Personal information
- Born: July 13, 1982 (age 44) Trenton, New Jersey, U.S.
- Listed height: 5 ft 10 in (1.78 m)
- Listed weight: 185 lb (84 kg)

Career information
- High school: Hamilton (Hamilton Township, New Jersey)
- College: Fordham
- NFL draft: 2005: undrafted

Career history
- 2005–2007: Hamilton Tiger-Cats
- 2007–2011: Saskatchewan Roughriders
- 2011: BC Lions
- 2012: Calgary Stampeders

Awards and highlights
- 2× Grey Cup champion (2007, 2011); CFL West All-Star (2009);
- Stats at CFL.ca

= Tad Kornegay =

American gridiron football player (born 1982)

Tad Kornegay (born July 13, 1982) is an American former professional football defensive back who played in the Canadian Football League (CFL) for the Hamilton Tiger-Cats, Saskatchewan Roughriders, BC Lions, and Calgary Stampeders.

==College career==
Kornegay played four years (2001–2004) of college football at Fordham University. In his last season at Fordham, Kornegay was awarded the Vincent T. Lombardi Award as the school's male athlete of the year. He was a first team All Patriot League selection twice, and was a consensus First Team All-American in 2004. He received many other All-American honors after his senior season, including First Team Associated Press, American Football Coaches Association, Walter Camp Division I-AA and Sports Network I-AA. Kornegay was a finalist for the 2004 Buck Buchanan Award, which is given to the Division I-AA Defensive Player of the Year.
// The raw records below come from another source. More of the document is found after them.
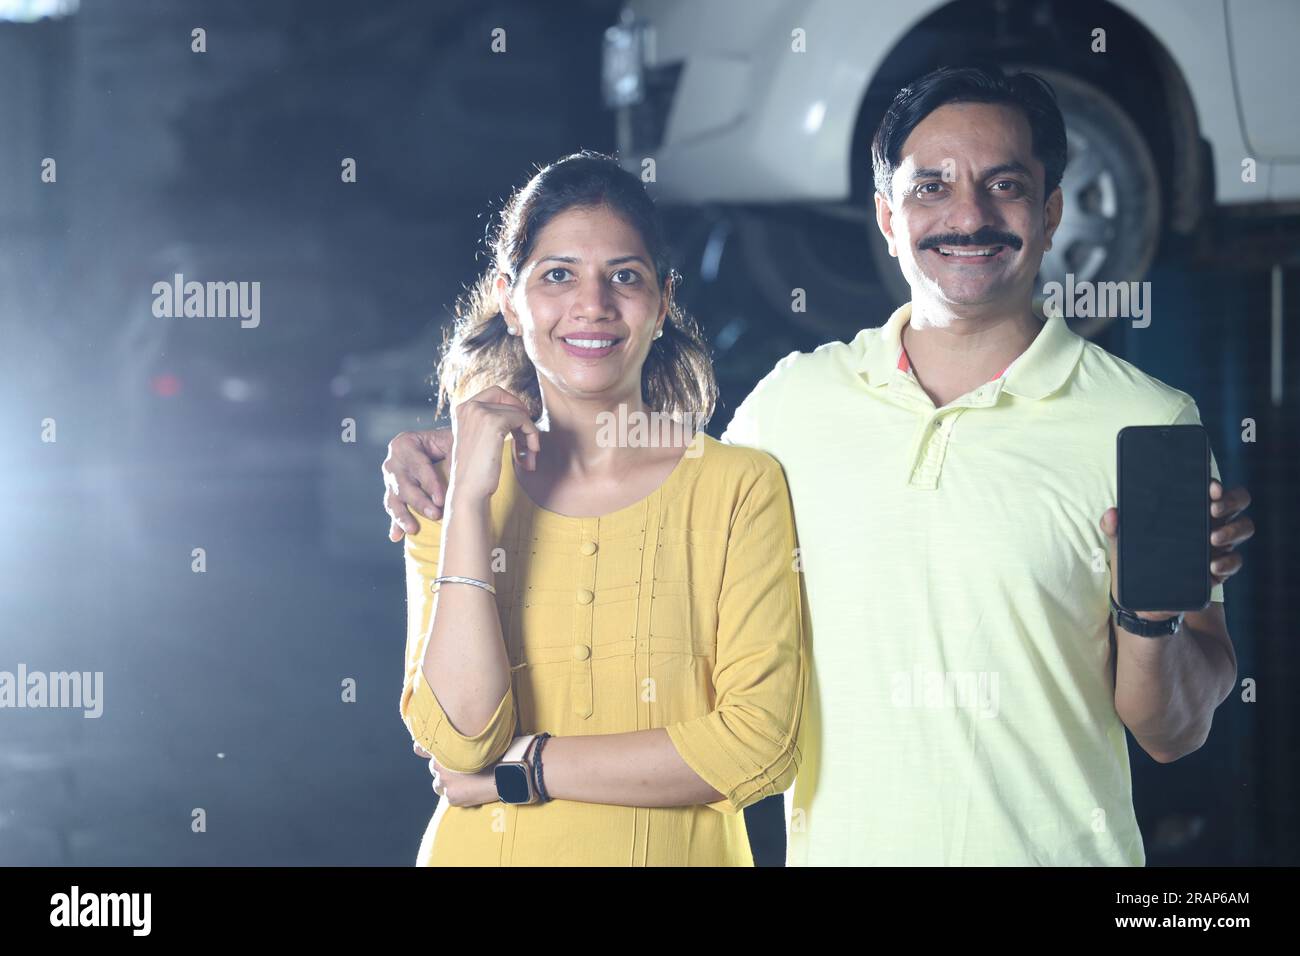 Indian happy customers showing thumbs up for repairing the car with honesty. Portraying customer trust and satisfaction towards the service station Stock Photo
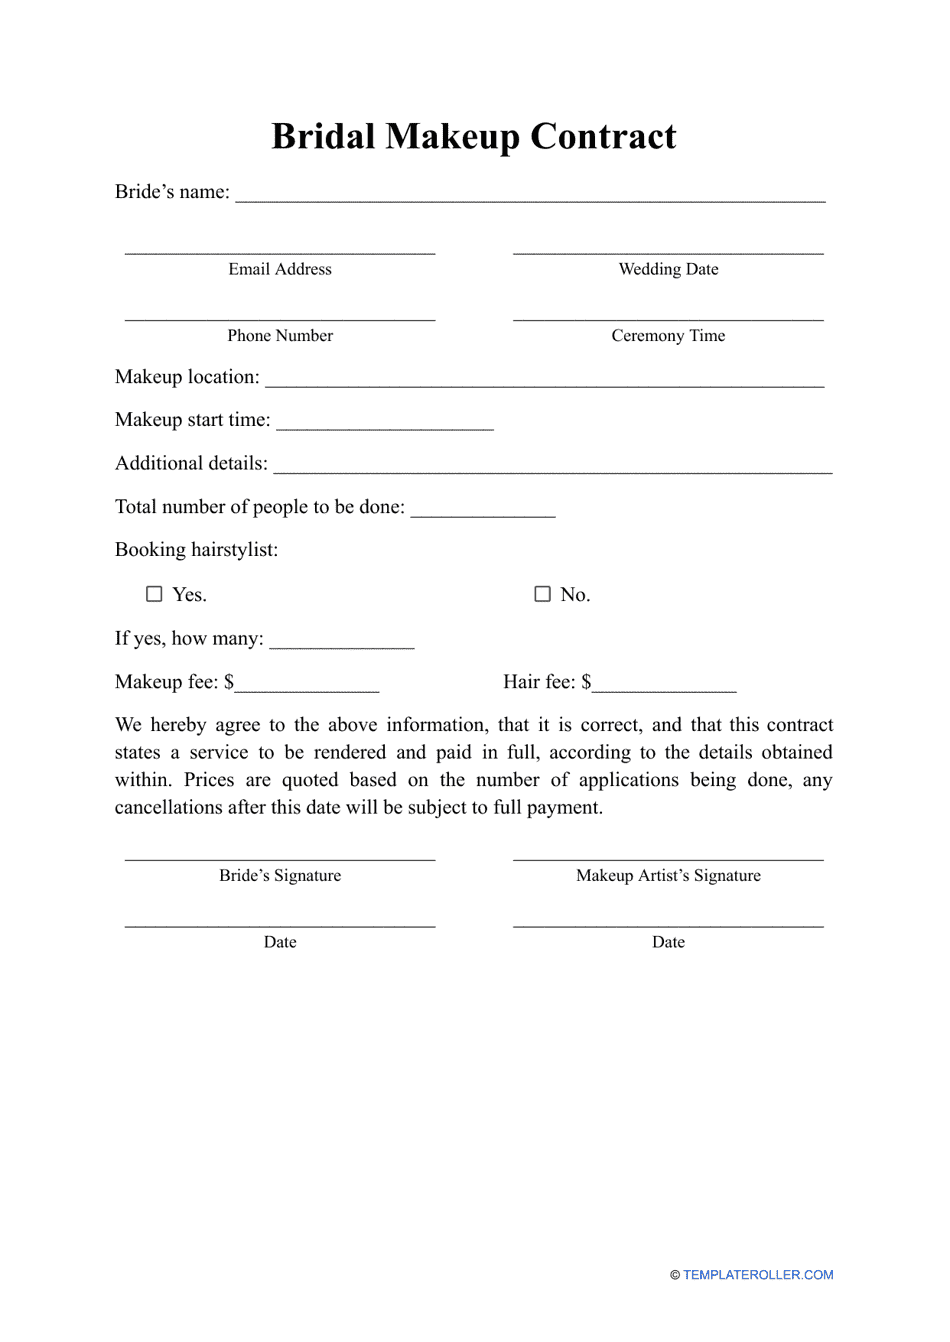 Bridal Makeup Contract Template, Page 1
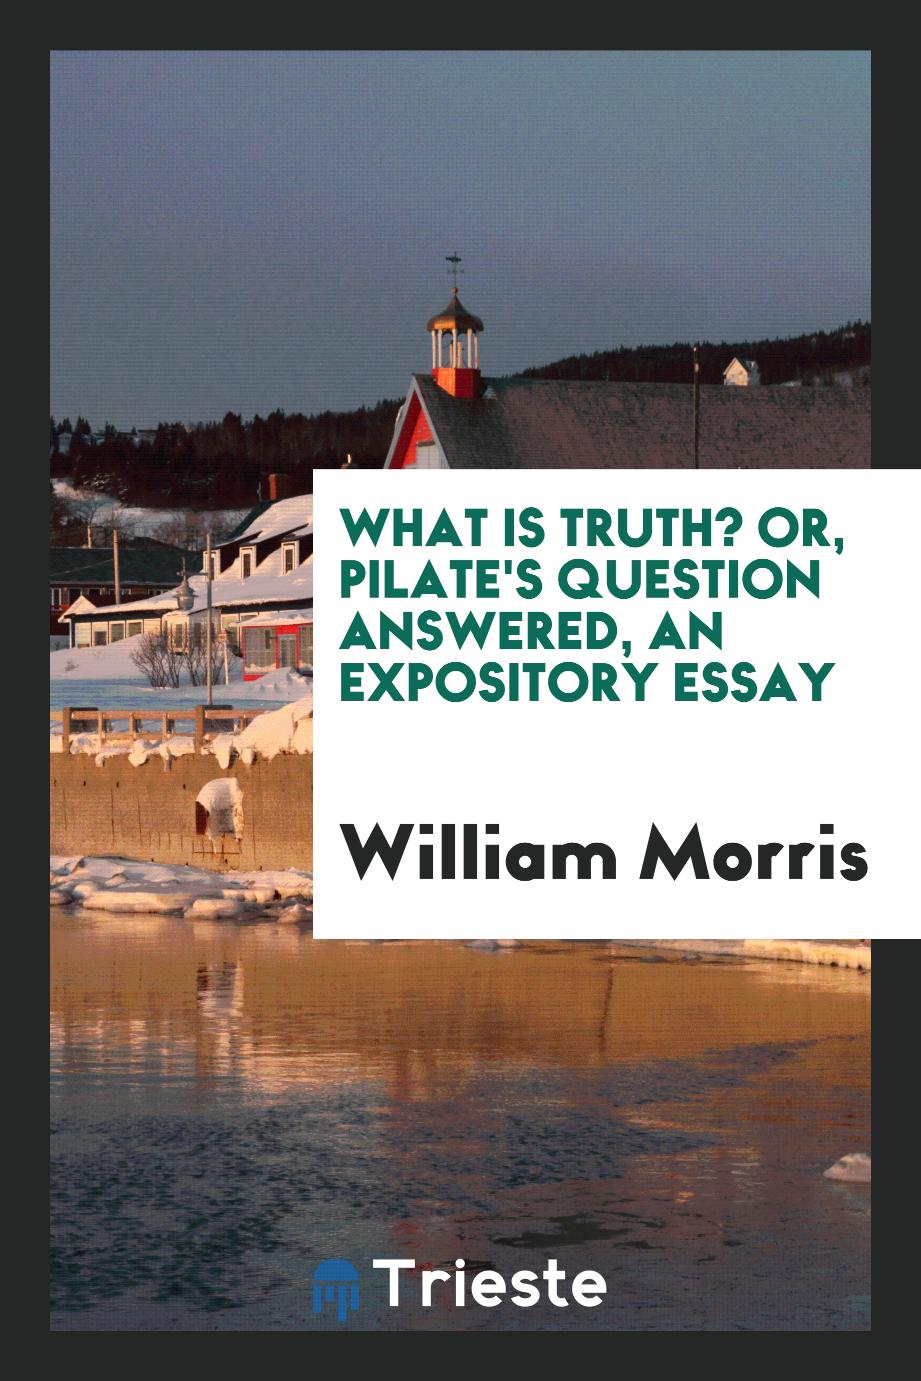 What is truth? Or, Pilate's question answered, an expository essay

He finished 14th in the final voting. He was inducted into the Fordham University Athletics Hall of Fame in 2011.

==Professional career==
After his university career was complete, Kornegay signed a free agent contract with the Hamilton Tiger-Cats of the Canadian Football League. During his rookie season with Hamilton (2005), Kornegay dressed for all 18 regular season games and finished the season with 33 tackles, including special teams. In 2006, he played in 14 games and recorded 48 tackles and had his first career CFL interception.

Prior to the 2007 season, Kornegay was traded to the Saskatchewan Roughriders in exchange for Thyron Anderson and Jason French and played a key role in the Roughriders' 2007 Grey Cup Championship.

He was released by the Riders on July 20, 2011, and was later signed to the practice roster of the BC Lions on July 30, 2011. He would go on to start at defensive halfback for the final 13 regular season games of the season in addition to the West Final and Grey Cup. He won his second championship after the Lions won the 99th Grey Cup, but he was released during the off-season on January 16, 2012. On July 20, 2012, the Calgary Stampeders signed Kornegay. Calgary released Kornegay in January 2013.

Kornegay signed a one-day contract with the Saskatchewan Roughriders, as announced on August 26, 2014, by the Roughriders, so he could officially retire from the CFL while playing for the team he has been with for the majority of his CFL career.